May, 1970 Remembered—Kent State & Jackson State student murders

Gail Pellett

Production Company: An early version of this essay appeared in Facebook on May 4, 2020

Fifty years ago on May 4, late at night, a bandana tied around my face, I watched a building burn down on the grounds of Washington University in St Louis. I was part of a group of student anti-war protestors and our fury was ignited by news earlier that day that four students were shot and killed and nine injured as 28 National Guard soldiers opened fire on anti-war protestors at Kent State University, near Cleveland, Ohio.

Four students killed by the National Guard at Kent State University on May 4, 1970: Allison Krause, Jeffrey Miller, Sandra Scheuer and William Schroeder

Three days earlier Nixon had announced that he was expanding the Vietnam War to Cambodia. Student protestors across the country reacted with outrage. Already students comprised the bulk of the anti-war movement, largely because young males were being drafted into that war as cannon fodder. But a larger critique of American government and society was emerging and some of us were calling for a revolution. We spoke about the need for a new consciousness about race and class and women, about the military-industrial complex, about the power of corporations and the planet.

The building I watched burn on the night of May 4, belonged to the Reserve Officer Training Corps program on campus. ROTC programs were major recruiting projects on campuses across the country and students had been protesting their presence for years. The week of May 1, and after the Kent State shootings, those buildings were torched from coast to coast.

Other students on other campuses had also been killed. Two years earlier at Orangeburg State College in South Carolina, three African American students were shot dead by local highway patrolmen and almost two dozen injured while students were protesting racial injustice and war. A disproportionate number of African American young men were being drafted and coming back in body bags. Then, eleven days after the Kent state murders, on May 15 at Jackson State Univ. in Mississippi, two African American students were killed and twelve were injured by local police. Their stories were either ignored or forgotten, washed away by the furor over four white students being killed on a campus by National Guard. That’s how racism worked then and now—on our historical memory as a nation.
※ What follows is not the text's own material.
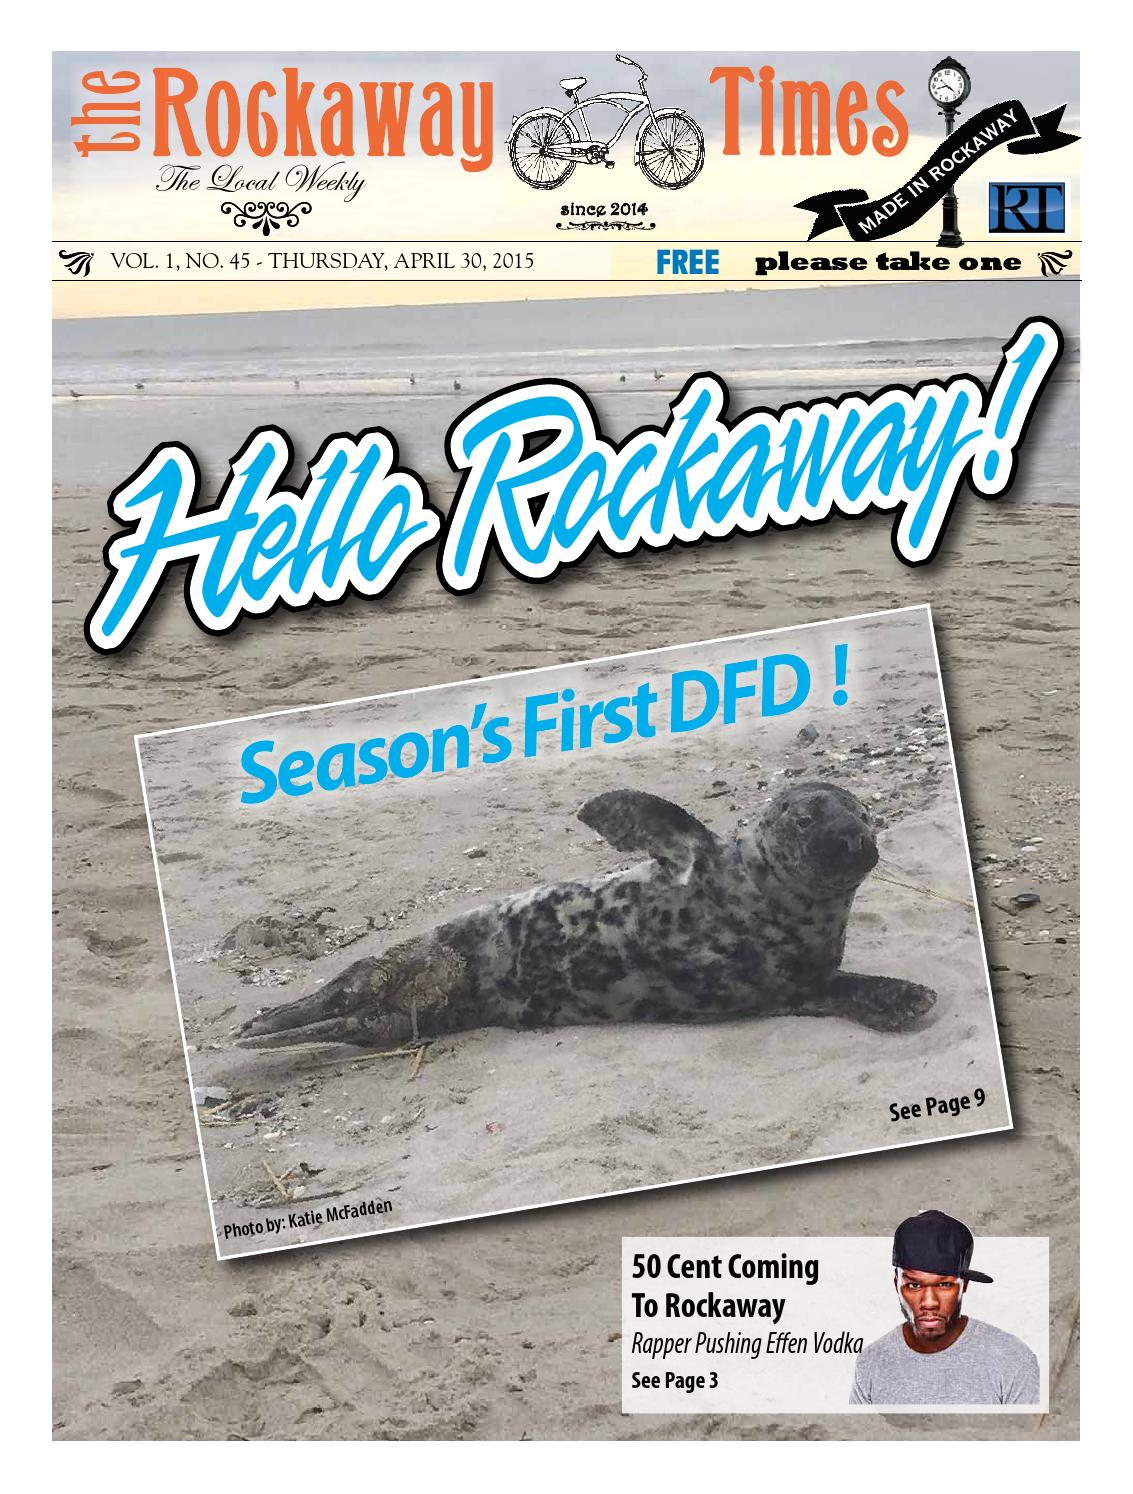 Rockaway Times 4 30 15 by Rockaway Times - issuu

Philip Gibbs & James Earl Green Killed at Jackson State University, May 15, 1970

When people talk about our time today as the most polarized in the U.S., and the dangerous potential for violence, I can tell what age group they are not…they didn’t live through the 1960s. A decade when we witnessed a presidential assassination, a presidential candidate murdered, leaders of the civil rights movement including Dr Martin Luther King, assassinated, the leaders and members of the Black Power movement brutally gunned down, the urban riots after King’s murder. All of this while the government was waging a war of bombs and chemicals on a tiny country half a world away, and a non-violent anti-war movement spawned a violent wing that inspired hundreds of bombings across the country.

And it was the time of heavy surveillance, of the special FBI program called COINTELPRO (Counter Intelligence Program), covert and illegal, that was in place from 1956 to 1971 whereby informants infiltrated the Civil Rights and Black Power movements along with the anti-war, feminist, new left, and environmental organizations trying to sow dissension between black and white organizations, discrediting leaders and disrupting activities. The brutal murder by Chicago police of the brilliant and promising Chicago community leader, Fred Hampton, in his sleep, had just taken place in December of 1969. The police were working with an FBI informant in the Black Panthers who may have drugged Hampton and tipped off police where he was sleeping.

Fred Hampton, Black Panther Party, Chicago

 

My FBI file revealed that informants were everywhere around me, even infiltrating women’s liberation consciousness raising groups.  I have written about the surveillance of me personally in my memoir, Forbidden Fruit, about working at Radio Beijing in 1980,  comparing  the surveillance I experienced in St Louis to the version of it I experienced when I worked in Beijing from 1980-81.

Howard Mechanic, 1970, St Louis

On Washington University campus where an ROTC building was burned, several student activists were investigated, arrested, jailed.  Trials took place.  One defendant, Howard, Mechanic, chose to go underground for thirty years.  His book, The Fugitive Candidate: A Memoir by Howard Mechanic,  telling his extraordinary story comes out this year.  A multi-part podcast will also be available telling the St Louis FBI surveillance story along with Mechanic’s story.  Produced by documentary filmmaker, Nina Gilden Seavey.

Yes, I remember May 4, and the decade of violence and activism that surrounded it. And how most of the activists from that era—black, white, brown, men, women—continued their activism on many levels and in many spheres to pursue justice and equality, to oppose war and foster peace. Yes, I remember.